И где кончается огонь. ©
Я увидел ее в самый первый день учебы в колледже. С длинными черными волосами, в темном свитере и джинсах. Пронзительный взгляд карих глаз, который переворачивает душу снизу доверху. Всегда такая молчаливая. Ее редкая улыбка дороже миллиона наклеенных улыбок всех девушек, которых я видел. Все время приходит первой на пары, уходит последней. Увидеть ее без наушников было редкостью. Слушать ее голос одно удовольствие — негромкий, спокойный, мелодичный. Интересно, как она поет? Я бы послушал.
Решил — стоит заговорить. Сначала я обратился к ней с просьбой объяснить в двух словах тему по тригонометрии. Объясняла она толково, последовательно, дружелюбно. Но, если честно, я не помню, что конкретно она говорила. Я смотрел в ее глаза, которые редко встречались с моими, и слушал ее чудесный голос, похожий на безветренный вечер в конце сентября. На следующий день я сел рядом с ней. Она не возражала. Правда, не обращала на меня никакого внимания, сидела и накатывала лекции в тетрадях своим красивым почерком. Такой почерк бы в рамочку и на стену.
Прошел месяц. Я добился кое-каких результатов. Она улыбалась мне, иногда я провожал ее до остановки. Мы обсуждали музыку.

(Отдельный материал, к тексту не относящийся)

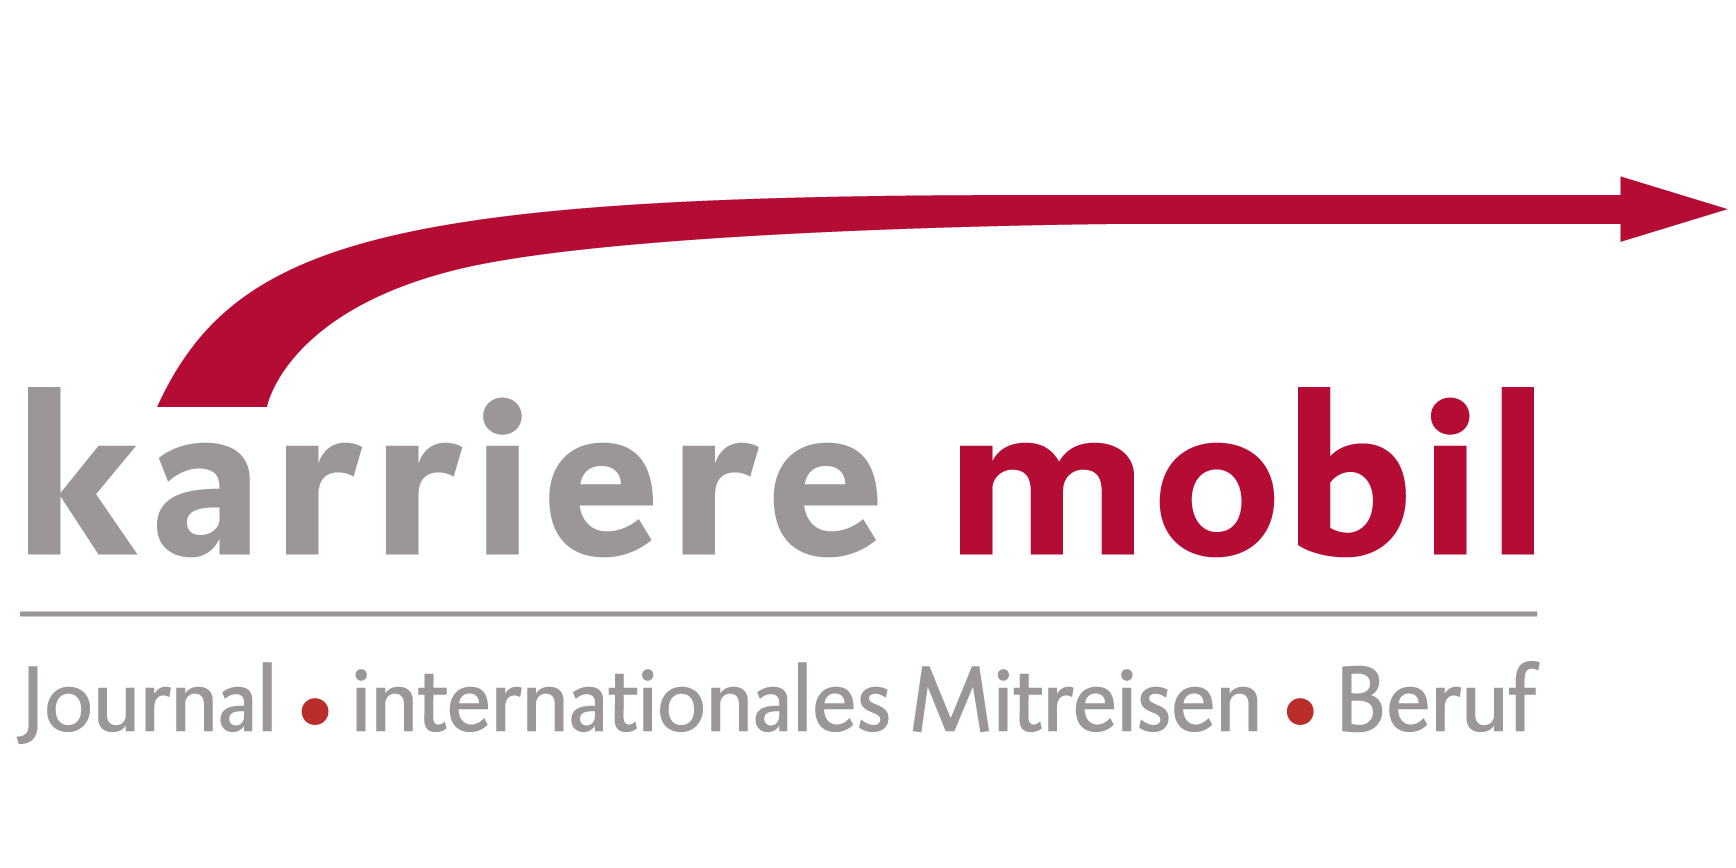 karriere mobil

Еще через месяц я уломал ее таки на то, чтобы погулять. Отлично помню тот день. Было холодно, ветер трепал полуголые деревья, срывал с них пожухлые рыжие листья и бросал их прохожим под ноги. Стоял сырой воздух, людей на улицах мало. Я смотрел на нее. Порыв ветра растрепал ее черные волосы, а она их пыталась безуспешно пригладить и заправить за уши с серьгами-черепами. Она улыбалась мне, а я не мог отвести от нее взгляда. Потом мы стояли и смотрели с холма на садящееся солнце, перед лицом которого вздымал волнами листья ветер. Они шуршали и уносились прочь. Я взял ее за руку. Она была не против. Такие холодные пальцы. Я перебирал ее тонкие пальцы с накрашенными черным лаком ноготками. Чувствовал ее приятный свежий и спокойный запах. Мне захотелось ее поцеловать, но она внезапно распрощалась и ушла. Даже не дала мне ее проводить. Настроение у меня испортилось.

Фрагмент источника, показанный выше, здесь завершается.